I know that accuracy would likely suffer if more than more than 2 iterations are required, but here I'm only interested in whether the solution blows up by virtue of limiting the number of iterations so severely.
Many thanks for entertaining this non-mathematician's question and for sharing an answer if you have one!
Best Answer
The idea of stability is that if an exact ODE solution converges (quickly, transiently) towards a stable configuration (that might be slowly changing) then the numerical solution does the same and stays converged in this sense. This can and will depend on the size of the numerical steps.
This general idea is not easy to translate into formal terms. As always it is easiest to apply to linear systems. As these decouple via diagonalization into scalar complex-valued equations, it is sufficient to consider these. As these now scale linearly with the time scale, stability conditions can be expressed in $z=\lambda h$ for $y'= λy$. Such results can be applied locally to non-linear systems.

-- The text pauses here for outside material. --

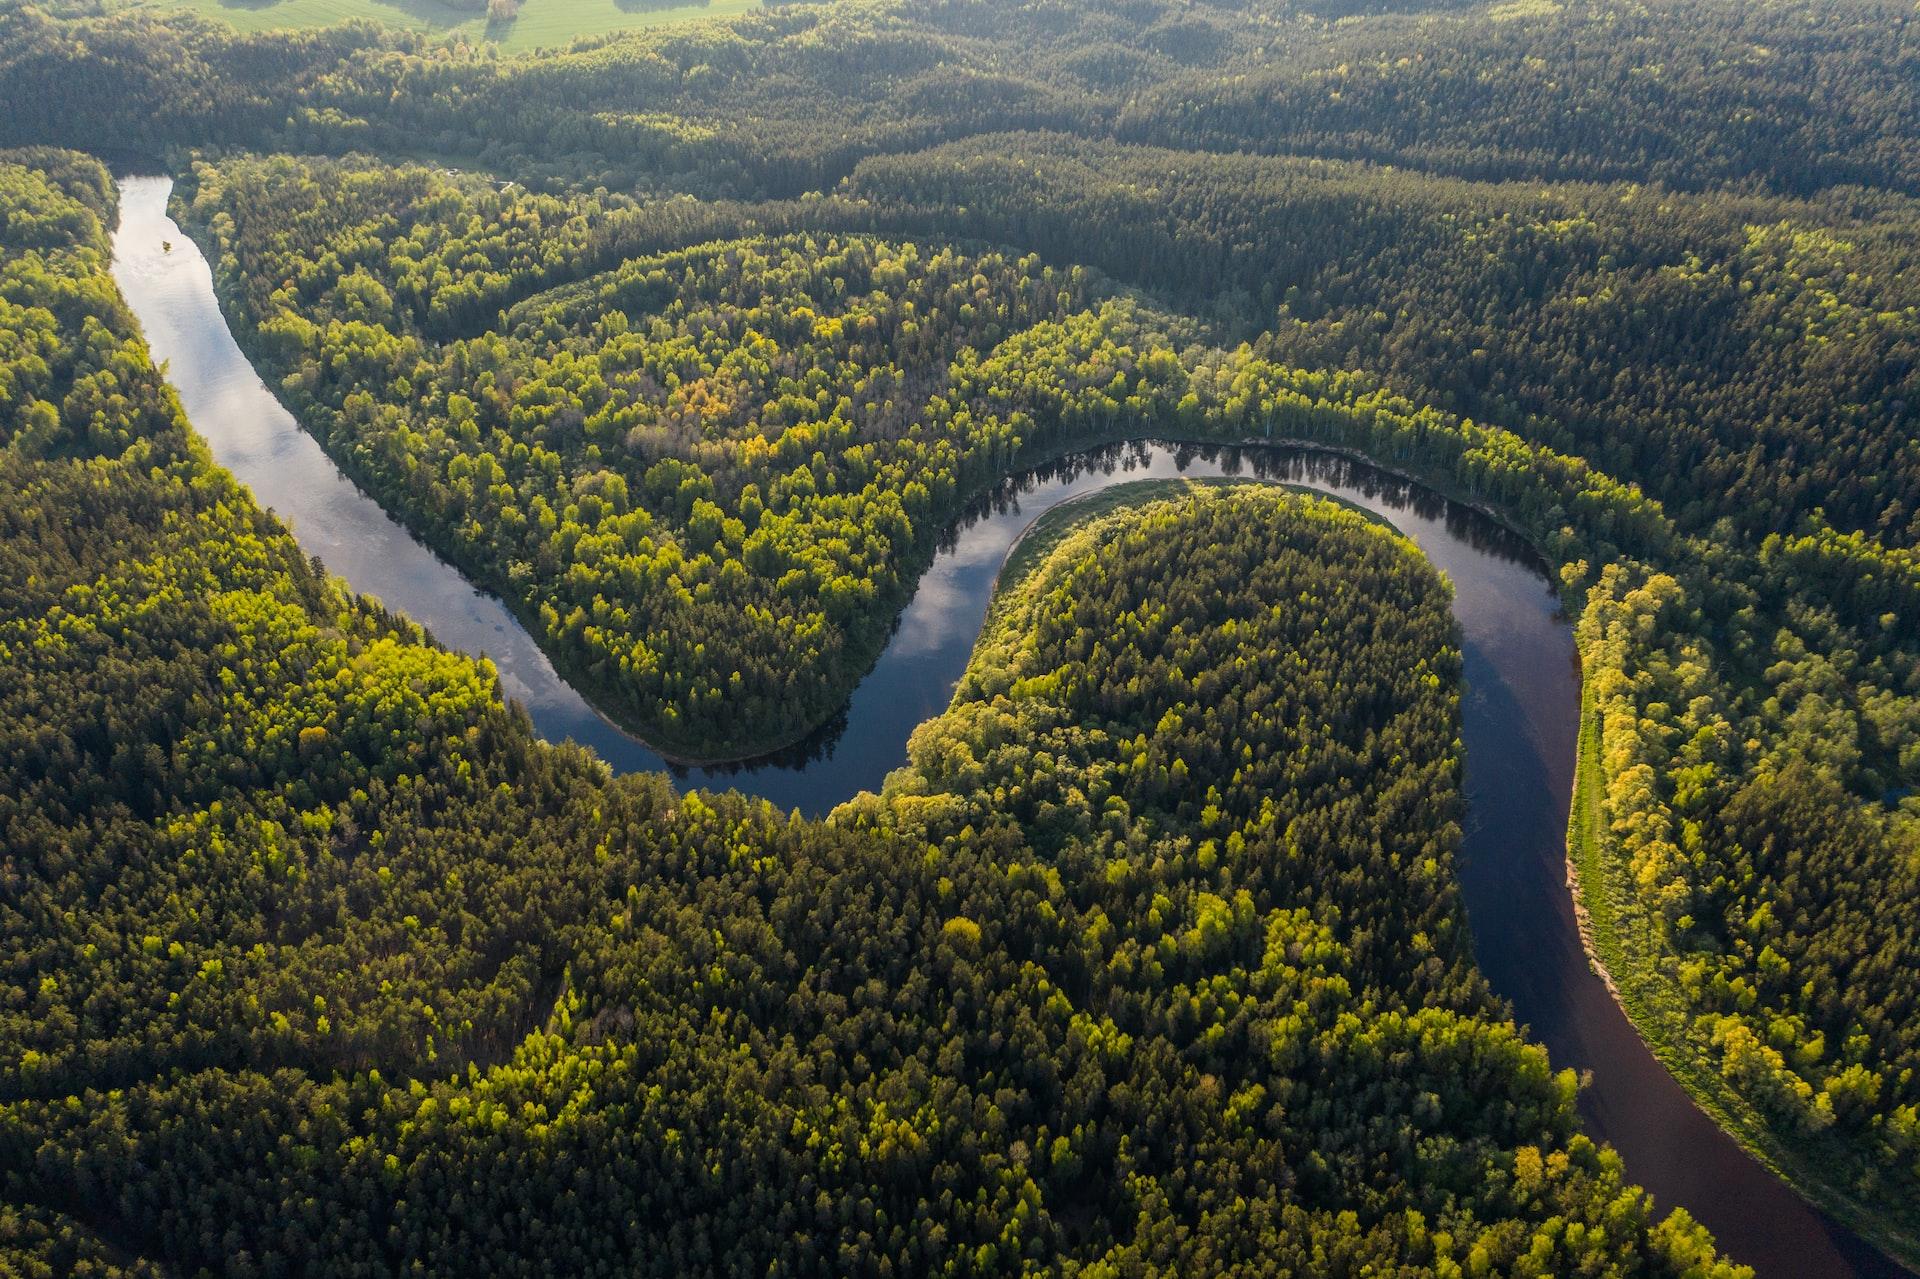 Foto aérea de um rio com curso em S, com floresta ao redor

Step sizes that contradict the locality may invalidate the stability properties.
Yes, when discussing stability it is assumed that the implicit step equation is solved exactly.
"Never blows up" is for situations where the exact solution stays bounded in some neighborhood of the current base point. If the exact solution has a divergence, then numerical methods tend to follow that, even if not at the exact same time.
Arbitrarily large step sizes only apply to linear equations and systems, which also are the defining case for A-stability. There are approaches to define stability in general terms also for non-linear equations.
Usually the step size control of the method will reduce the step size when the number of Newton iterations becomes too large. Note that for practicality the implicit solver is a simplified Newton method, often with an approximate Jacobian. This still allows to maintain an error reduction by a factor $O(h^2)$, so if you start with a good predictor (for instance extrapolation from the last step), the first Newton step should reach the method order in the error order of the implicit equation. With the second Newton step the implicit error should be very small against the method step error, which indeed often is good enough. However, this only applies to small-dimensional medium hard problems.
Doing a fixed number of Newton steps makes the method into an explicit method with a bounded stability region. To retain the character of an implicit method you need to control the convergence of the implicit solver. But 70 Newton steps is likely too large. Chances are that with half the step size the combined number of Newton iteration for the now two steps is much smaller.